The answer must consist only of the lines from the line with "Certificate of Appreciation" to the line with "Memory Book Cover", both included, exactly as they stand below.
[[ DATA LISTING, beginning ]]
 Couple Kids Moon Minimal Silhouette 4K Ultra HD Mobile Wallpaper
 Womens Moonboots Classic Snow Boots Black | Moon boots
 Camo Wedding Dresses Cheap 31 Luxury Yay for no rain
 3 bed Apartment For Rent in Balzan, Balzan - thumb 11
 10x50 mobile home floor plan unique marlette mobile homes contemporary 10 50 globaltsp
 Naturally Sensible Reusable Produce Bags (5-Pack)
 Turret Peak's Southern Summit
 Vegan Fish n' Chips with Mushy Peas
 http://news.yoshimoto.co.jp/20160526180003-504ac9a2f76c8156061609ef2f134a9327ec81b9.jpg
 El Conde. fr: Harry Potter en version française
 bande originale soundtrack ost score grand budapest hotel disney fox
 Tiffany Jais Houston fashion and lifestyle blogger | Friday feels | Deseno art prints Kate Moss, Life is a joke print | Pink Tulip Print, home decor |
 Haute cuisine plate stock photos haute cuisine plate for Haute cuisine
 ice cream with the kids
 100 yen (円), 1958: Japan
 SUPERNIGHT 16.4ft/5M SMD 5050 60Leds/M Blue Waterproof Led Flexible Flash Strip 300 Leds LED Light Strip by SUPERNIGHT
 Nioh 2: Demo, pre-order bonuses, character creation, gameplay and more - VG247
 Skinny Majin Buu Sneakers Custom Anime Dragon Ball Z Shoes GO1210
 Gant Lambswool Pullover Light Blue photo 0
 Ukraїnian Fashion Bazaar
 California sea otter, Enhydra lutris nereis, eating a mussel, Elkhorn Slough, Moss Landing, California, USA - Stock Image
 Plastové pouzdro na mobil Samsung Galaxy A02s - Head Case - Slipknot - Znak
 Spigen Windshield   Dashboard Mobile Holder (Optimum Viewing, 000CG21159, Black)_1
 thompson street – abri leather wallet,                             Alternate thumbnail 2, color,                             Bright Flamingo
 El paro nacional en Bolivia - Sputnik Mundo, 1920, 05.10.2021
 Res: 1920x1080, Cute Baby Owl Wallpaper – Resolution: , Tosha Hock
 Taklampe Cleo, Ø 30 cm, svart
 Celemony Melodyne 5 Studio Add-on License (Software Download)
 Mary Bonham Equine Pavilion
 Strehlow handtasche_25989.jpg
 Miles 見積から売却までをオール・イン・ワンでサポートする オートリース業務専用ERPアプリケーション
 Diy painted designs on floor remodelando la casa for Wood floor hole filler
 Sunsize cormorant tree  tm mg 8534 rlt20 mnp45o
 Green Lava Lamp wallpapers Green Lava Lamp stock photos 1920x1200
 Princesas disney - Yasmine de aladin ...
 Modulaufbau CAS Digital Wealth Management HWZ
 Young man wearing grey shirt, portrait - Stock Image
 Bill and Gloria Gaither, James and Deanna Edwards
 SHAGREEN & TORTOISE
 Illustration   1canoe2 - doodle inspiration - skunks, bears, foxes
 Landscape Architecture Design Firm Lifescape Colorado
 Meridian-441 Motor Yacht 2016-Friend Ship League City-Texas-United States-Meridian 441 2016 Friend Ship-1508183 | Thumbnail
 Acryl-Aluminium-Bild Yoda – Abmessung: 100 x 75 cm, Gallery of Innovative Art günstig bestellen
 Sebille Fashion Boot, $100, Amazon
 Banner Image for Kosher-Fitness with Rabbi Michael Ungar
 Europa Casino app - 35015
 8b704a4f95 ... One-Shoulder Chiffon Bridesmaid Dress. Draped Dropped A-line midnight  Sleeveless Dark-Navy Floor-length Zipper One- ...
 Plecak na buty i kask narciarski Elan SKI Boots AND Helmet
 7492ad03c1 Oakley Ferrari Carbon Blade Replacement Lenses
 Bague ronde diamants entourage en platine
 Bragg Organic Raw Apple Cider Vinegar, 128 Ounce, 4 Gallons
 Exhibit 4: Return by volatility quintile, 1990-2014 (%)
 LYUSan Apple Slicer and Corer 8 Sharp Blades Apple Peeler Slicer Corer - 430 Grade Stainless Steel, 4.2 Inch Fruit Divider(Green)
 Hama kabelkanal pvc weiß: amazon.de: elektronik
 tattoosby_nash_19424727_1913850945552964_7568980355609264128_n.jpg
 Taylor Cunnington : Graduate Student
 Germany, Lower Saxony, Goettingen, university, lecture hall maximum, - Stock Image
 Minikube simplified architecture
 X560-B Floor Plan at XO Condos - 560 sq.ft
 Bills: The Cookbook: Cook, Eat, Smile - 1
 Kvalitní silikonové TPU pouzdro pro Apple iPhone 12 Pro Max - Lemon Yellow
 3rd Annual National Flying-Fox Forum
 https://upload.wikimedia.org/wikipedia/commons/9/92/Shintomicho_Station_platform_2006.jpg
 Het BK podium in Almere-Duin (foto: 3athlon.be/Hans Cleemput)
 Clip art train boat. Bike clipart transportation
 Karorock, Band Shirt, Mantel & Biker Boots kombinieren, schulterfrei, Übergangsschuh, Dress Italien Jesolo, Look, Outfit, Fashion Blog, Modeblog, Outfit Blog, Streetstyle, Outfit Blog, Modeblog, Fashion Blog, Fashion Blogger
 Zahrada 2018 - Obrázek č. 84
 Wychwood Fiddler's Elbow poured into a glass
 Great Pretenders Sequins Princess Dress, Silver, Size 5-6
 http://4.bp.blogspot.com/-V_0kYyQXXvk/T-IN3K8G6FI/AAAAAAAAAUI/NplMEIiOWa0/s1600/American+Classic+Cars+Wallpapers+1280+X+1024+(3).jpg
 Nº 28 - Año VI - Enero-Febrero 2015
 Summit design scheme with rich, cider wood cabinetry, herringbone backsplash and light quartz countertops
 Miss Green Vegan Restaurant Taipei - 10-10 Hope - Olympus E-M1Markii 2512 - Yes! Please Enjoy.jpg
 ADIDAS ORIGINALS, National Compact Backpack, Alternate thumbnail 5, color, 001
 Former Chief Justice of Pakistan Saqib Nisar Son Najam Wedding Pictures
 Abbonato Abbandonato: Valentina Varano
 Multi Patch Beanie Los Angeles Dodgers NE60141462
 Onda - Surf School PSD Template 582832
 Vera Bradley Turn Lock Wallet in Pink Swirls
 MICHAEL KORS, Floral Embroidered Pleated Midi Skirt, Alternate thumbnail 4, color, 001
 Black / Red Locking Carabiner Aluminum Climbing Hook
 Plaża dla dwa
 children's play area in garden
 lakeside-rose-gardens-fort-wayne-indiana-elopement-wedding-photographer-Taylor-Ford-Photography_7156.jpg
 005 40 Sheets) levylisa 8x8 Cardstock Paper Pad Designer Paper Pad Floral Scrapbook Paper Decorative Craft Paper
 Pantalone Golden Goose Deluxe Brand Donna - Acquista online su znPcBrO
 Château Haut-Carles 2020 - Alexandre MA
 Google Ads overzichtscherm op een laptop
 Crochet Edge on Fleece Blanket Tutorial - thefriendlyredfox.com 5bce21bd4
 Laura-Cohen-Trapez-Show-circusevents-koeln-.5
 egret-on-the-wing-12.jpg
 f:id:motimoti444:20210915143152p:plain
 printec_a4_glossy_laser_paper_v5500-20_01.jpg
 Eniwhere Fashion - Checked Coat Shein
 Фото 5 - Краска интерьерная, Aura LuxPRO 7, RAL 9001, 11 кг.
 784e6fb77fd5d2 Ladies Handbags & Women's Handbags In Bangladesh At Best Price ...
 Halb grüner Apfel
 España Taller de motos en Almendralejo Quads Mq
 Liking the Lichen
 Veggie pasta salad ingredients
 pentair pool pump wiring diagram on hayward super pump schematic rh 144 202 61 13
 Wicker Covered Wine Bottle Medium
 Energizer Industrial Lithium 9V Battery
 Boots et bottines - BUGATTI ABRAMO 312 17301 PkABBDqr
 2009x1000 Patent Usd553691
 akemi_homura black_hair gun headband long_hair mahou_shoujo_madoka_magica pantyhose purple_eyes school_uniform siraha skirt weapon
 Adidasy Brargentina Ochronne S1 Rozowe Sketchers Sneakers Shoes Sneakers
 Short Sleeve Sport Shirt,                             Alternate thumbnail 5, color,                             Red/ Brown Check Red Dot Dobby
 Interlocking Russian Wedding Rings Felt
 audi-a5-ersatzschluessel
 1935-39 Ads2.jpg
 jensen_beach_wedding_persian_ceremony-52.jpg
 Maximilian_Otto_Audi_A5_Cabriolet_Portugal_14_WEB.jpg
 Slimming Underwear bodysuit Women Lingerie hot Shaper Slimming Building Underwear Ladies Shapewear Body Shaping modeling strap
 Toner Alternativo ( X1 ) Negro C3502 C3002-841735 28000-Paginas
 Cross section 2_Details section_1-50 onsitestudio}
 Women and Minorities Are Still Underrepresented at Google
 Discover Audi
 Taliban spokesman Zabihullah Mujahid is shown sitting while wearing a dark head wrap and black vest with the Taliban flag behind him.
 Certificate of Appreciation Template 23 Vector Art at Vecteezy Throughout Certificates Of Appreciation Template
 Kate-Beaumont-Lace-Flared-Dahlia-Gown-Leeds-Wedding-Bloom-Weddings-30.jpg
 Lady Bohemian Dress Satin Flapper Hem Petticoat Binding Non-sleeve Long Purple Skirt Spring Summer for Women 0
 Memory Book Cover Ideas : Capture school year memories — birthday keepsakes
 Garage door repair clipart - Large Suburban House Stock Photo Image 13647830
[[ DATA LISTING, end ]]
RESPONSE TO THIS EXERCISE:
 Certificate of Appreciation Template 23 Vector Art at Vecteezy Throughout Certificates Of Appreciation Template
 Kate-Beaumont-Lace-Flared-Dahlia-Gown-Leeds-Wedding-Bloom-Weddings-30.jpg
 Lady Bohemian Dress Satin Flapper Hem Petticoat Binding Non-sleeve Long Purple Skirt Spring Summer for Women 0
 Memory Book Cover Ideas : Capture school year memories — birthday keepsakes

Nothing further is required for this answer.